損益通算とは:不動産投資の税務活用の基本
損益通算とは、異なる所得区分の黒字と赤字を相殺して、課税所得を減らす仕組みです。不動産所得の赤字を給与所得と通算することで、高い税率が適用される給与所得を圧縮し、所得税・住民税を削減できます。
不動産所得の赤字を作る仕組み:減価償却費の活用
不動産投資で帳簿上の赤字を作る最大の手段が減価償却費です。

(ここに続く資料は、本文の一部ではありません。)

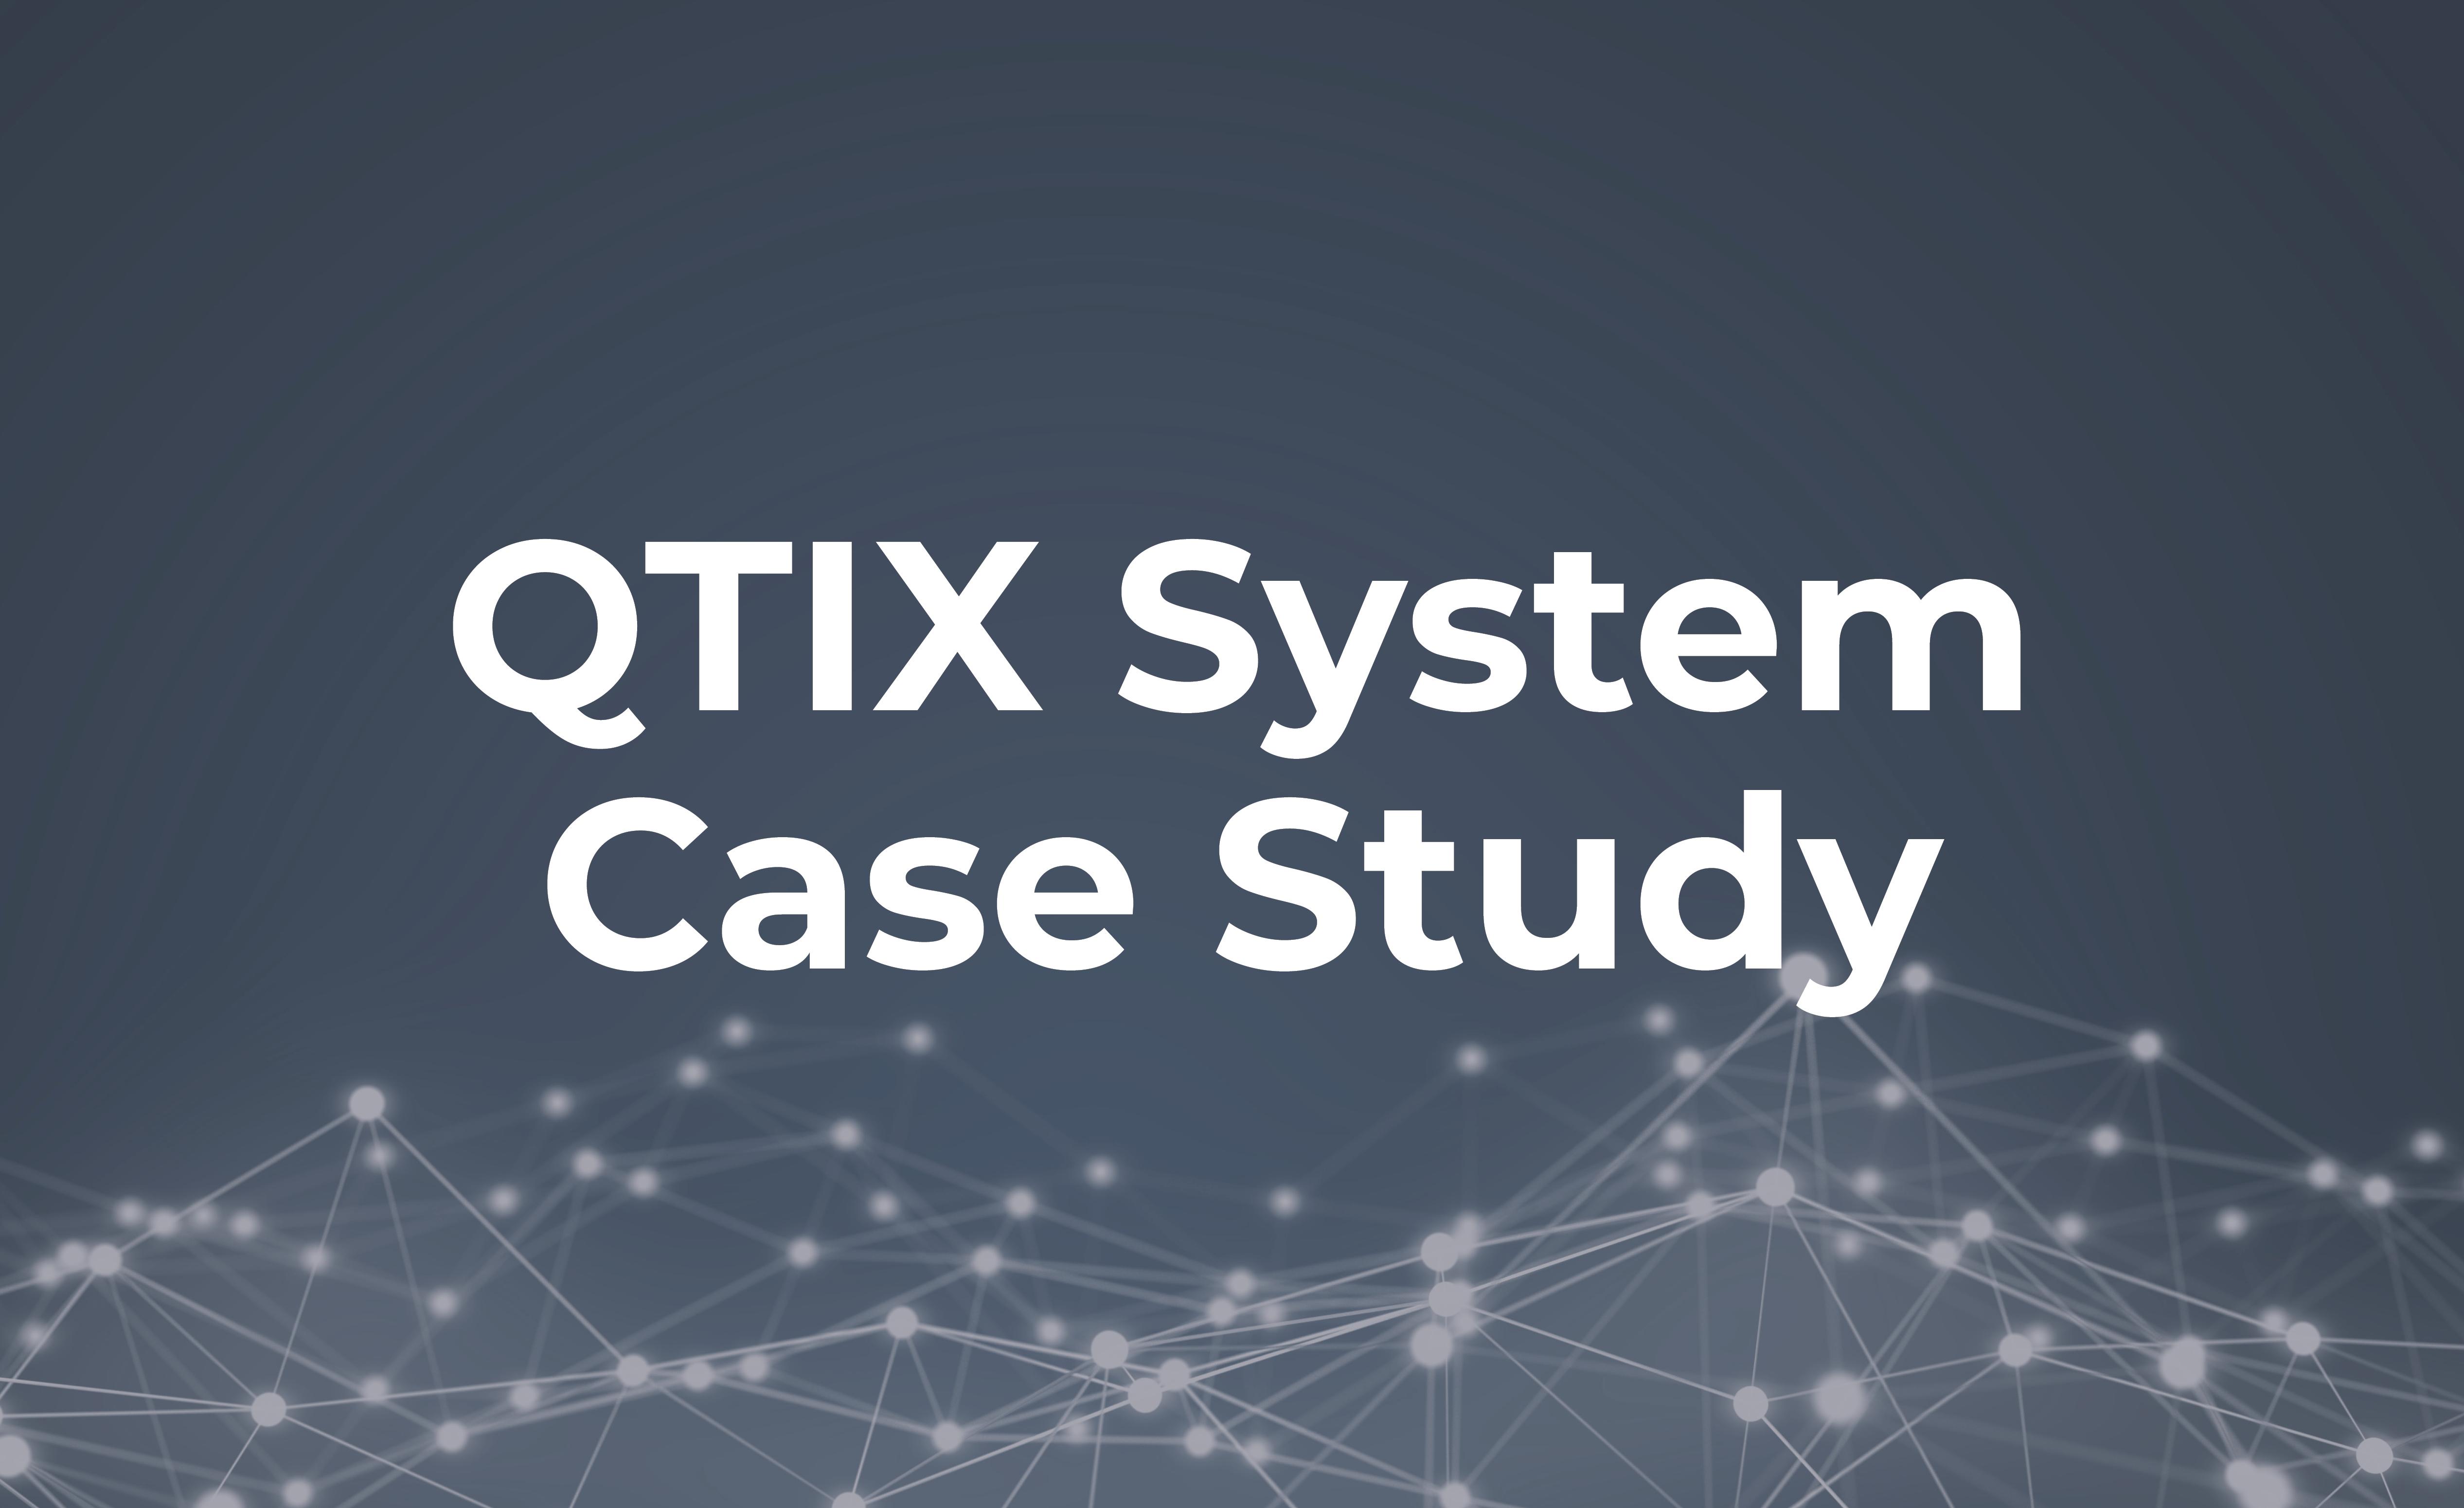 Matrix_QTIX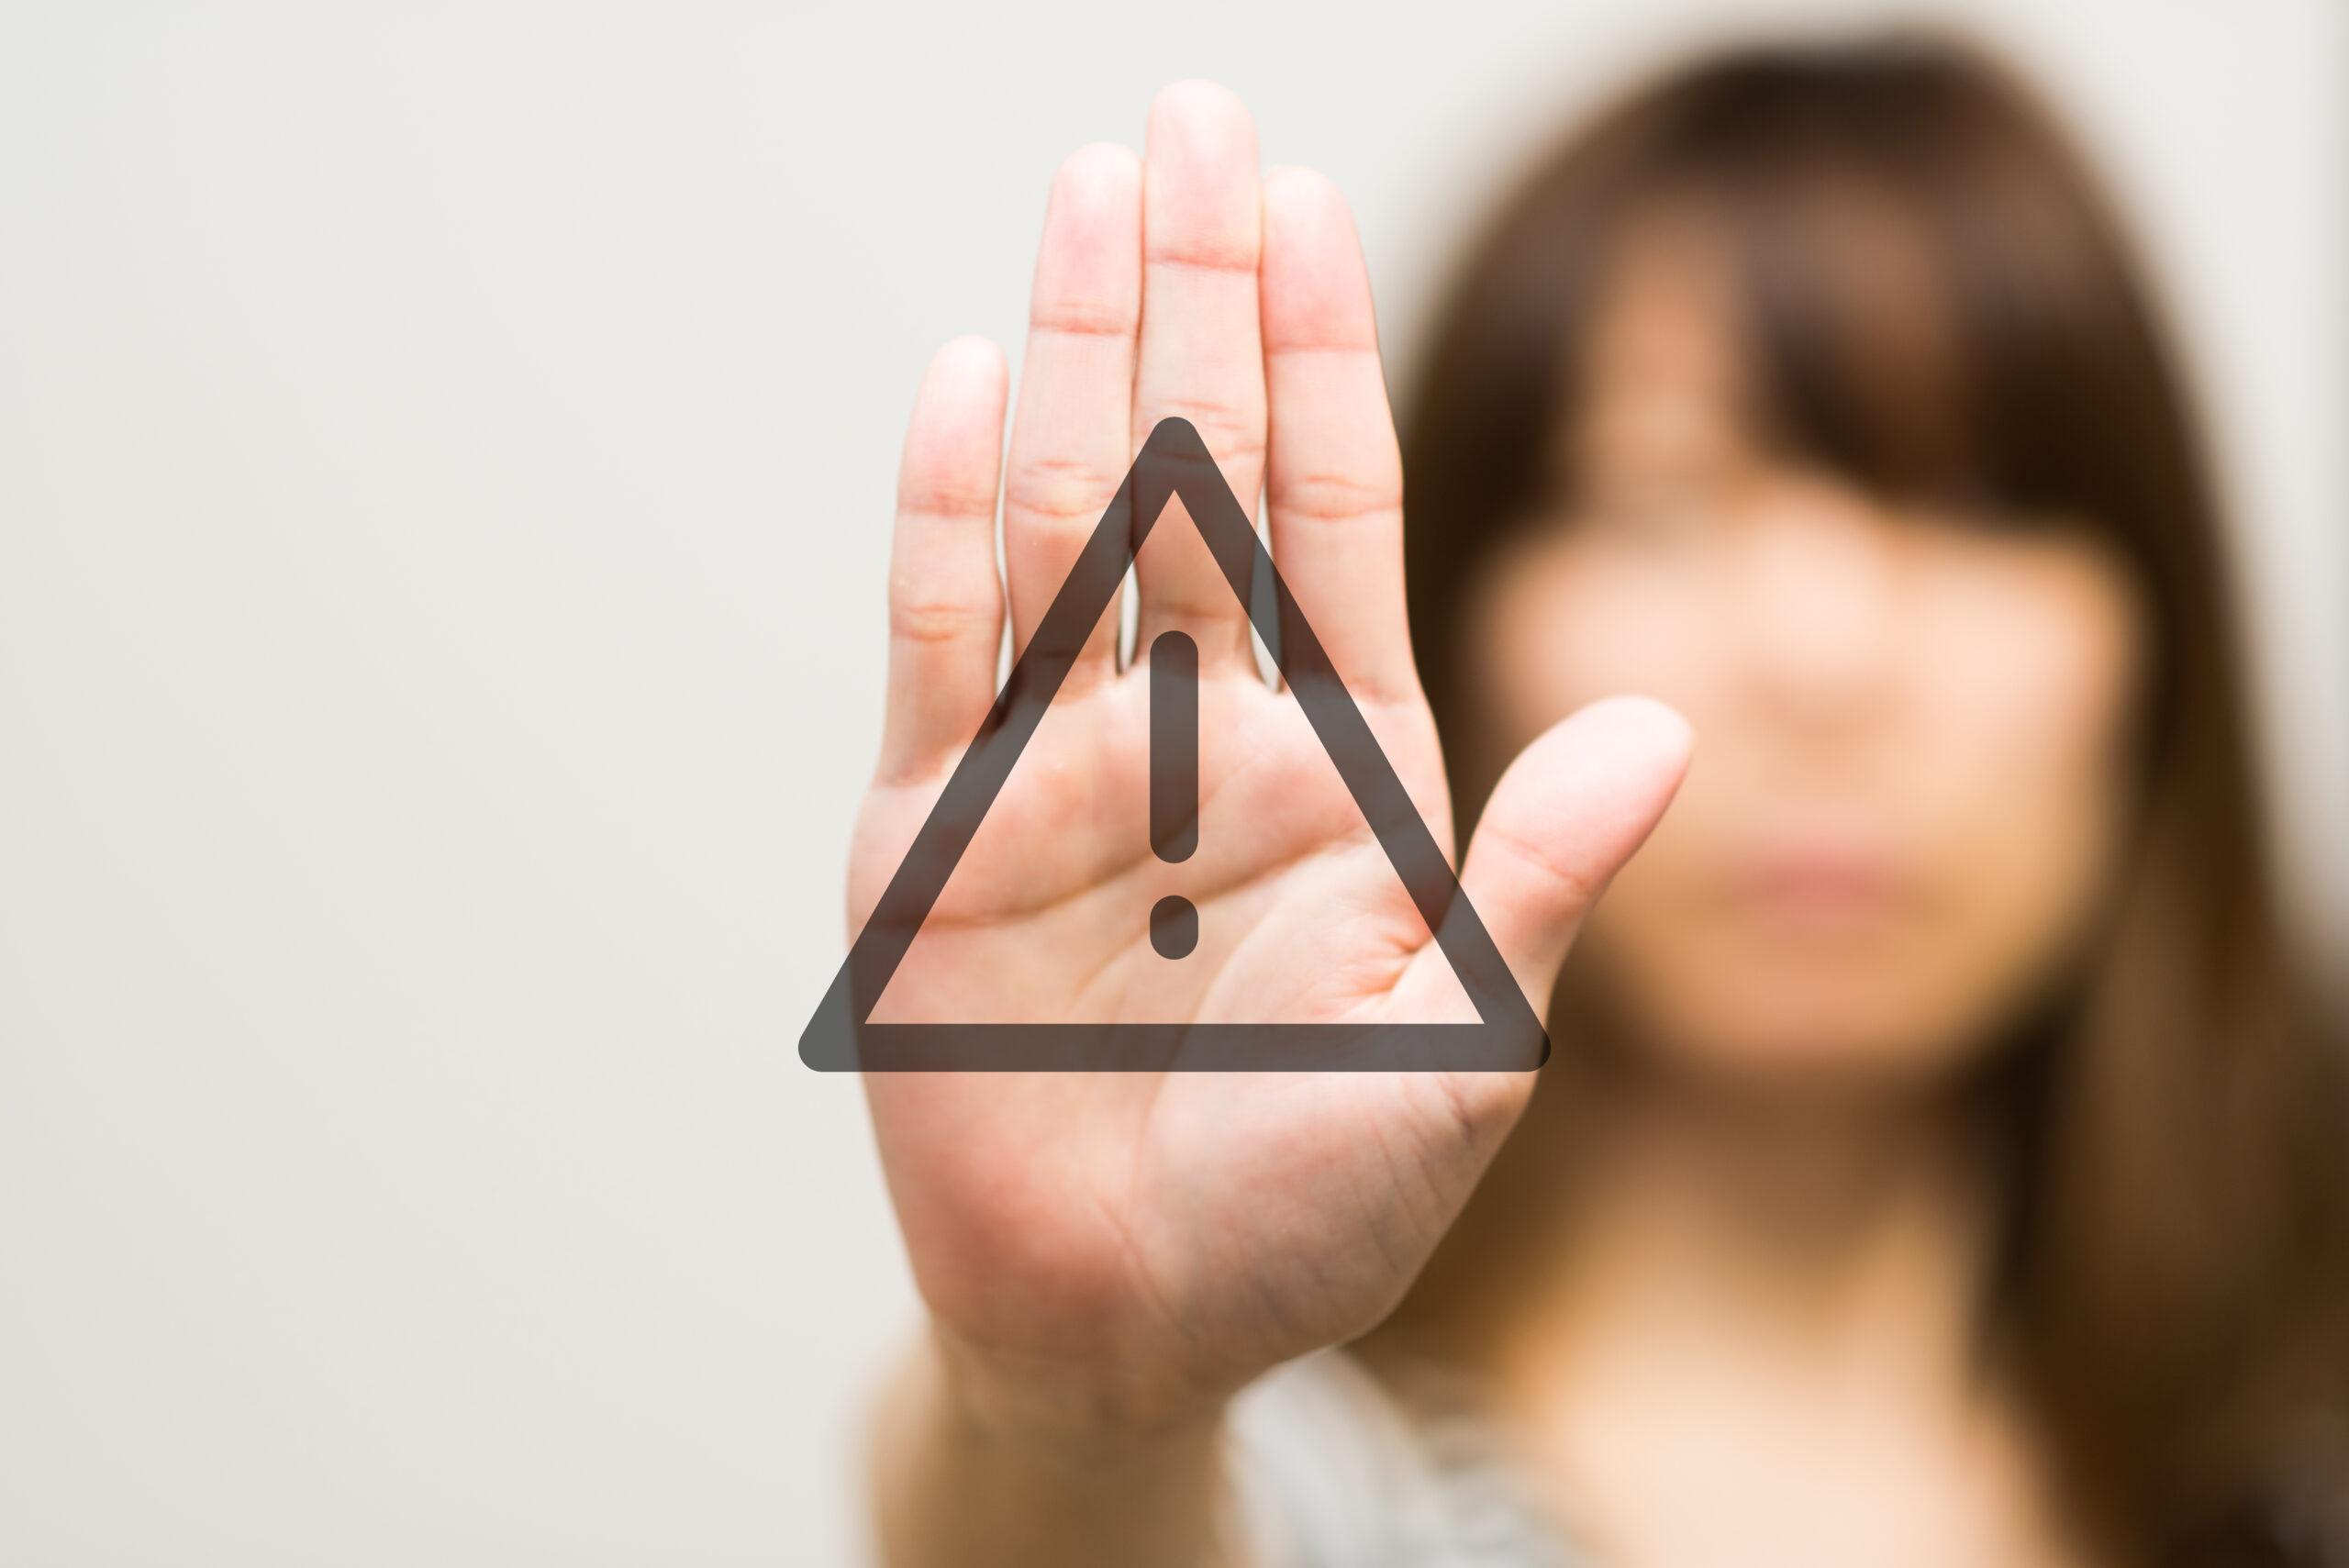 クラウドソーシングで受注する際に注意を払わなければならないことの画像

建物の取得費用を法定耐用年数にわたって費用計上することで、実際のキャッシュフローはプラスでも、税務上は赤字になるケースがあります。
法定耐用年数と減価償却率
| 建物の構造 | 法定耐用年数 | 定額法償却率 |
|----------|-----------|-----------|
| 鉄骨鉄筋コンクリート造(SRC) | 47年 | 0.022 |
| 鉄筋コンクリート造(RC) | 47年 | 0.022 |
| 重量鉄骨造 | 34年 | 0.030 |
| 木造 | 22年 | 0.046 |
中古物件の耐用年数:節税効果が高い理由
中古物件は以下の計算式で耐用年数を算定します:
法定耐用年数を超えた物件:法定耐用年数 × 20% = 残存耐用年数(最低2年)
例:築30年の木造物件(法定耐用年数22年)
→ 22年 × 20% = 4.4年 → 4年(端数切り捨て)
4年で建物取得費を全額償却できるため、初期の数年間は大きな減価償却費が計上でき、損益通算による節税効果が最大化されます。
損益通算の具体的な節税効果
年収1,500万円(給与所得約1,100万円)のサラリーマンが、不動産所得の赤字200万円を損益通算した場合:
| 項目 | 損益通算前 | 損益通算後 |
|-----|---------|---------|
| 給与所得 | 1,100万円 | 1,100万円 |
| 不動産所得 | ▲200万円 | ▲200万円 |
| 課税所得 | 1,100万円 | 900万円 |
| 所得税率 | 33% | 33% |
| 節税額(所得税+住民税) | — | 約86万円 |
損益通算の制限:土地取得借入金利子
不動産所得の赤字のうち、土地取得のための借入金利子に相当する部分は、損益通算から除外されます(所得税法第69条2項)。
計算方法
損益通算できない金額 = 土地取得借入金利子 × (土地取得借入金残高 ÷ 借入金総残高)
例: 借入金総残高5,000万円のうち土地取得分が3,000万円で、年間利子が150万円の場合、損益通算できない金額は 150万円 × (3,000万円 ÷ 5,000万円) = 90万円
損益通算が認められないケース
以下のケースでは損益通算が制限または否認されます:
1. 別荘・リゾートマンション:生活に通常必要でない資産からの損失は損益通算不可
2. 競走馬・ゴルフ会員権:同様に損益通算不可
3. 事業的規模でない不動産貸付:5棟10室基準を満たさない場合、青色申告特別控除(65万円)が適用不可
4. 実質的な節税目的のみの投資:税務当局が経済的合理性を否定した場合
5棟10室基準:事業的規模の判定
不動産貸付が「事業的規模」と認められると、青色申告特別控除65万円・専従者給与・貸倒損失の必要経費算入などの特典が受けられます。
| 事業的規模の目安 | 内容 |
|--------------|------|
| アパート・マンション | 10室以上 |
| 一戸建て | 5棟以上 |
| 混合の場合 | 1棟=2室として換算 |
損益通算の出口戦略:減価償却終了後の対応
減価償却が終了すると不動産所得が黒字に転じ、節税効果がなくなります。この時点での対応策として以下が考えられます:
1. 物件の売却:長期譲渡所得(20%)として課税されるが、減価償却による節税効果との総合判断が必要
2. 法人への移転:個人から法人に不動産を移転し、法人税率(約30%)での課税に切り替え
3. 新たな物件の取得:再び減価償却費の大きい中古物件を取得して損益通算を継続
まとめ:損益通算は「出口戦略」まで含めた設計が重要
不動産投資による損益通算は、短期的な節税効果は大きいですが、減価償却終了後の課税増加・売却時の譲渡所得課税まで含めたトータルシミュレーションが不可欠です。税理士と連携し、長期的な資産形成計画の中に位置づけることをお勧めします。